Je ne fréquente pas souvent les théâtres, pourtant j’adore aller voir une bonne création. De la même façon, je lis peu de pièces de théâtre, à moins qu’elles ne soient portées à mon attention. J’ai pris plaisir à découvrir La Meute d’Esther Beauchemin grâce à un contrat de rédaction de fiches pédagogiques pour le regroupement des éditeurs franco-canadiens. L’ouvrage de 130 pages est paru aux éditions Prise de parole en 2005.
Catherine, Irène, Éric, les jumeaux et le bébé vivent dans un chalet en forêt depuis maintenant des semaines. Ils s’y sont installés avec leur mère après la mort de leur père. Pourtant ils y vivent seuls, leur mère n’entrant presque plus dans le chalet. Désormais, elle oublie même de leur apporter à manger. Elle dort dehors, avec la meute de chiens dont elle fait l’élevage. Son objectif: protéger sa famille des Ombres, celles qu’elle pense responsables de la mort de son mari. Elle ne croit pas au diagnostic des médecins. Le cancer du cerveau de son mari ne fait pas partie de sa réalité: les Ombres sont après leur famille et il faut les fuir.
C’est ainsi qu’Irène, 16 ans, se retrouve responsable d’élever le bébé, qu’on appelle Toutoune parce qu’elle n’a pas encore reçu de nom. Catherine, 15 ans, est jalouse de sa sœur, car elle idolâtre sa mère et aimerait, comme elle, recevoir plus de responsabilités. Éric, 14 ans, est l’aîné des garçons. Paul et Pauline, les jumeaux de 13 ans, ont une relation symbiotique. Ils ont l’habitude de prendre soin l’un de l’autre.

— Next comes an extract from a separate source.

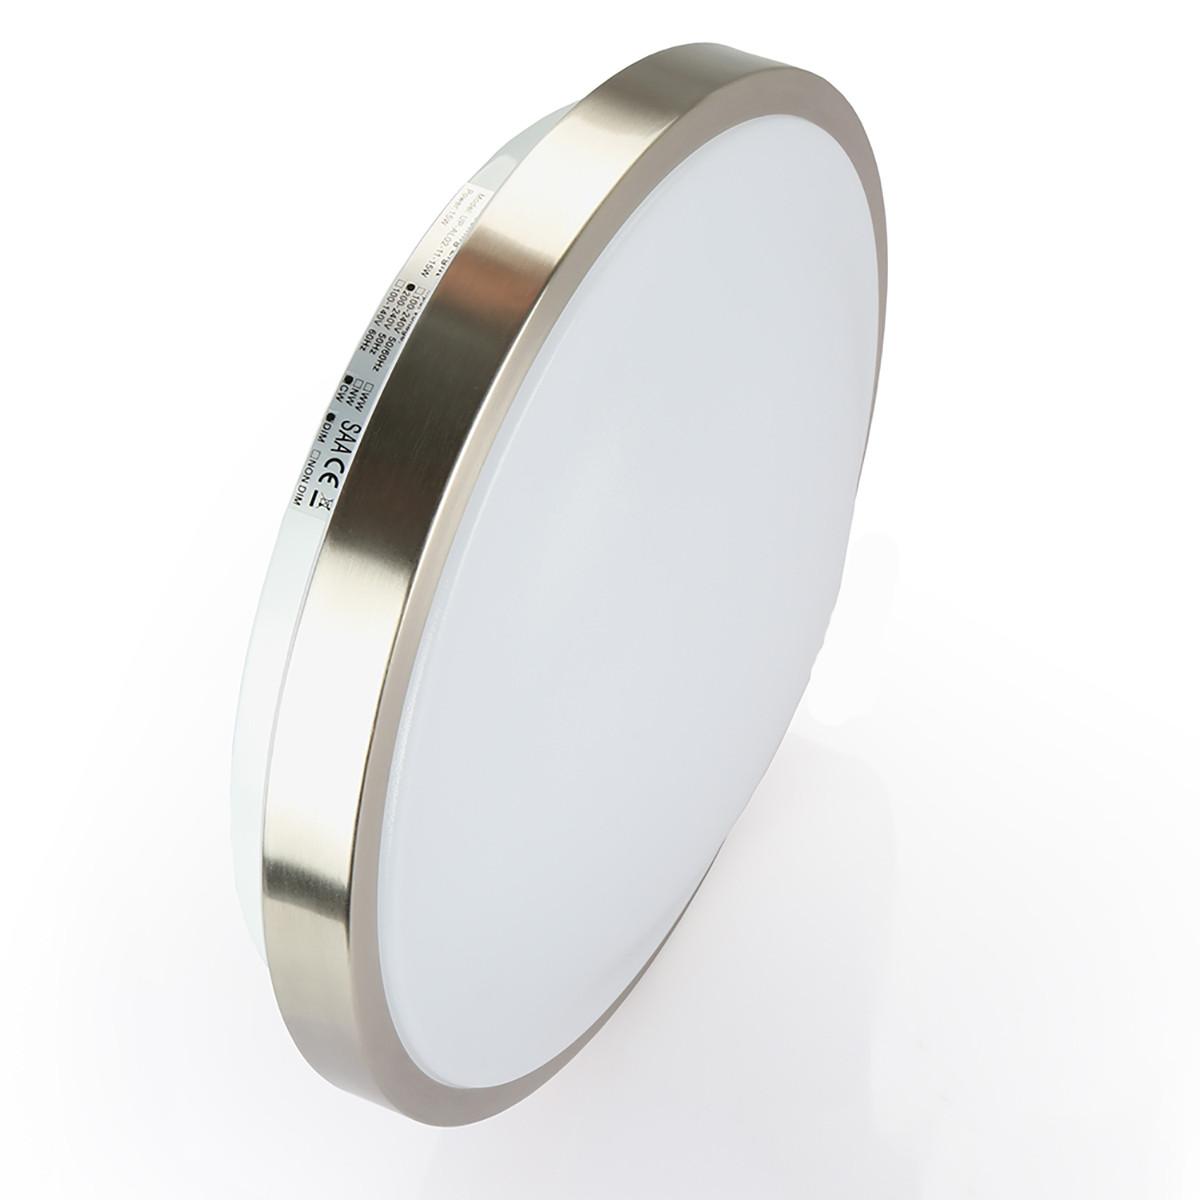 18W 13-Inch,3000K,4000K,6000K  Non-dimable Flush Mount Antique Brushed Nickel  LED Ceiling Light for Home Lighting

Dès l’ouverture de la pièce, l’ambiance est tendue. Le bébé pleure sans fin, meurtri par la faim, car la mère a oublié d’apporter du lait. La tension est palpable entre les adolescents. Il se joue entre eux une guerre de pouvoir. Certains veulent gagner l’amour de la mère, d’autres le rôle de leader ou encore la responsabilité d’élever un chien. Malgré qu’il leur a été formellement interdit de quitter le chalet, seuls lieux où ils sont protégés des Ombres, Irène décide de partir chercher du lait, de peur que le bébé meure. Ce départ bouscule le clan et la tension monte encore d’un cran.
Ce que je retiens de cette pièce lue il y a un moment déjà, c’est le bruit du chaos, dans ma tête, à mesure qu’avance l’action. Ce sont les hurlements du bébé qui encore me brisent le cœur juste à y repenser. J’imagine une pièce chaotique et bruyante et un public déchiré par les cris du nourrisson. La Meute est un texte qui fait mal à l’enfance et dont les thèmes principaux tournent autour de la résilience, la folie, la famille et, bien sûr, l’adolescence. C’est un texte court, efficace et poignant qui met en scène des personnages aux personnalités bien distinctes. Je ne crois pas qu’il soit possible de lire (ou de voir) La Meute sans être ému par ces enfants qui se démènent pour survivre dans un univers créé de toute pièce par leur mère puis par eux.
BEAUCHEMIN, Esther. La Meute, Prise de parole, Sudbury, 2005, 130 pages.